3. Subsampled Randomized Fourier Transform (SSRFT)
Definition
An SSRFT $R \in \mathbb{R}^{k \times n}$ is defined implicitly as:
\[R = \sqrt{\frac{n}{k}} \cdot P_2 \cdot F \cdot D_1 \cdot P_1 \cdot F \cdot D_2\]
where:
- $D_1, D_2$: Diagonal matrices with random $\pm 1$ entries
- $F$: Discrete Fourier Transform (applied via FFT)
- $P_1, P_2$: Random permutation matrices
- The factor $\sqrt{n/k}$ normalizes the output
Properties
- Density: Dense when materialized, but never stored explicitly
- Generation: $O(n)$ time (just random permutations and signs)
- Application: $O(m n \log n)$ via FFT
- Storage: $O(k + n)$ (just store permutations and signs)
- Theoretical guarantees: Excellent for structured matrices
When to Use
✅ Best for:
- Large structured matrices
- When $n$ is a power of 2 (fastest FFT)
- Signal processing applications
- Image/video data
❌ Avoid when:
- $n$ is small (< 1000)
- Matrix has no structure
- FFT is not available/efficient
Implementation
# Create SSRFT reduction map
R = SSRFT(k, n, field="real")
# Apply to matrix (uses FFT internally)
Y = R * A # O(mn log n) operation
Z = A * R' # Transposed SSRFT
# Access properties
size(R) # (k, n)
issparse(R) # false (but never materialized)How SSRFT Works
- Pre-randomization: Apply $D_2$ (element-wise sign flips)
- FFT: Transform to frequency domain
- Permute: Shuffle rows with $P_1$
- Second randomization: Apply $D_1$
- Second FFT: Another Fourier transform
- Subsample: Select $k$ rows with $P_2$
- Scale: Multiply by $\sqrt{n/k}$
All operations are implicitly applied during matrix multiplication.
Advantages
- Memory efficient: Only $O(n)$ storage (permutations + signs)

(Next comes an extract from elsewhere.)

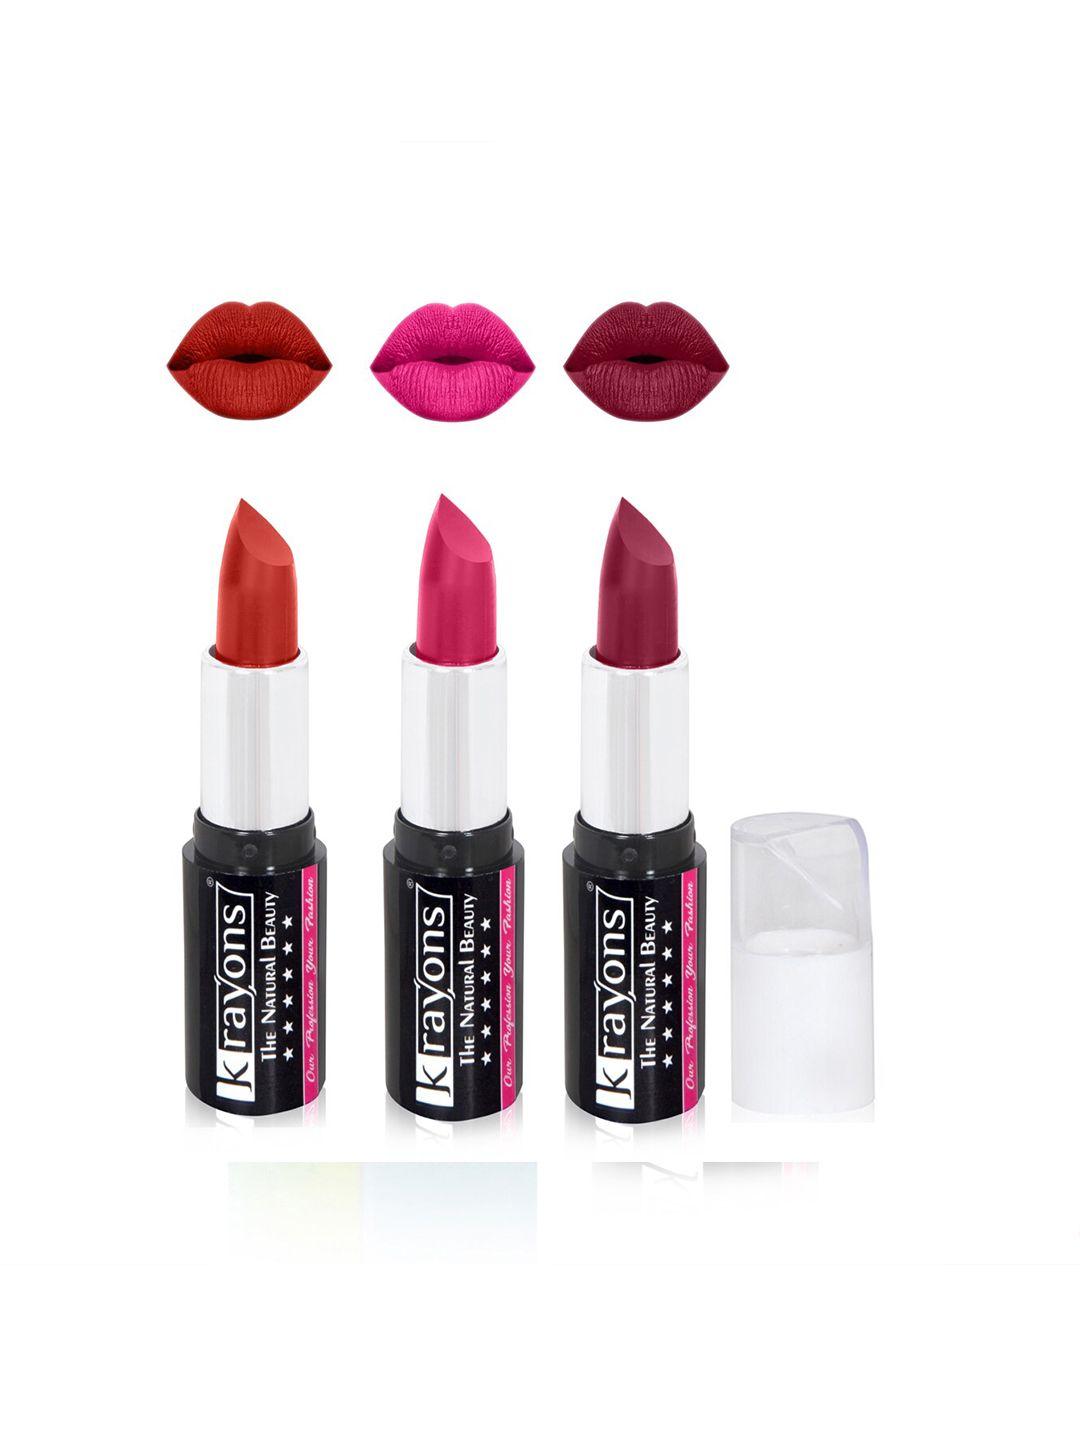 krayons set of 3 the natural beauty moisturizing & long-lasting matte lipstick - 4 g each

- Fast: $O(mn\log n)$ via FFT
- Structured: Exploits Fast Fourier Transform
- Good for structured data: Excellent for signals, images
Disadvantages
- FFT dependency: Requires FFTW library
- Complex implementation: More complex than Gaussian/Sparse
- Not always faster: Overhead can dominate for small $n$
- Real/complex handling: Care needed with data types
FFT Performance
SSRFT is fastest when $n$ is highly composite (many small prime factors):
| $n$ | FFT Speed |
|---|---|
| $2^{10}$ (1024) | Excellent |
| $2^{10} \cdot 3$ (3072) | Very Good |
| Large prime | Poor |
Comparison Table
| Aspect | Gaussian | Sparse | SSRFT |
|---|---|---|---|
| Memory | $O(kn)$ | $O(n\zeta)$ | $O(n)$ |
| Generation | $O(kn)$ | $O(n\zeta)$ | $O(n)$ |
| Application | $O(kmn)$ | $O(mn\zeta)$ | $O(mn\log n)$ |
| Accuracy | Best | Good | Very Good |
| Ease of use | Easiest | Easy | Moderate |
| Best for | General | Large sparse | Structured |
Performance Benchmarks
For a matrix $A \in \mathbb{R}^{5000 \times 10000}$ with $k = 100$:
| Method | Memory (MB) | Time (s) | Relative Error |
|---|---|---|---|
| Gaussian | 800 | 0.45 | 2.3% |
| Sparse ($\zeta=8$) | 6.4 | 0.12 | 2.8% |
| SSRFT | 0.08 | 0.18 | 2.5% |
Benchmark on Intel i7-10700K, single thread
Choosing the Right Map
Decision Tree
Is memory very tight (< 100 MB available)?
├─ Yes → Use SSRFT
└─ No
├─ Is n > 100,000?
│ ├─ Yes → Use Sparse
│ └─ No
│ └─ Is matrix structured/periodic?
│ ├─ Yes → Use SSRFT
│ └─ No → Use GaussianGeneral Guidelines
- Default: Start with Gaussian for general problems
- Large-scale: Switch to Sparse for $n$ > 50,000
- Structured data: Try SSRFT for signals, images, PDEs
- Accuracy-critical: Use Gaussian with higher $k$
- Memory-limited: Use SSRFT or Sparse
Advanced Usage
Custom Reduction Maps
You can create custom reduction maps by subtyping DimRedux:
mutable struct CustomRedux{T<:Number} <: DimRedux
k::Int
n::Int
# ... custom fields ...
transposeFlag::Bool
end
# Implement required methods
LeftApply(obj::CustomRedux, A) = ...
RightApply(obj::CustomRedux, A) = ...Mixing Reduction Maps
Different maps can be used for different sketches:
# Gaussian for range, sparse for corange
sketchy = init_sketchy(
m=m, n=n, r=r,
ReduxMap=:gauss # Default for all
)
# Then manually replace if needed
sketchy.Ω = Sparse(k, n) # Use sparse for ΩParameter Tuning
For Sparse maps, tune $\zeta$ based on your problem:
# Higher accuracy (more memory)
S = Sparse(k, n, zeta=16)
# Lower memory (less accuracy)
S = Sparse(k, n, zeta=4)Theoretical Background
All three maps satisfy the JL-property with different constants:
- Gaussian: $k = O(\epsilon^{-2} \log(1/\delta))$
- Sparse: $k = O(\epsilon^{-2} \log^2(1/\delta))$
- SSRFT: $k = O(\epsilon^{-2} \log(1/\delta) \log(n))$
where $\epsilon$ is target distortion and $\delta$ is failure probability.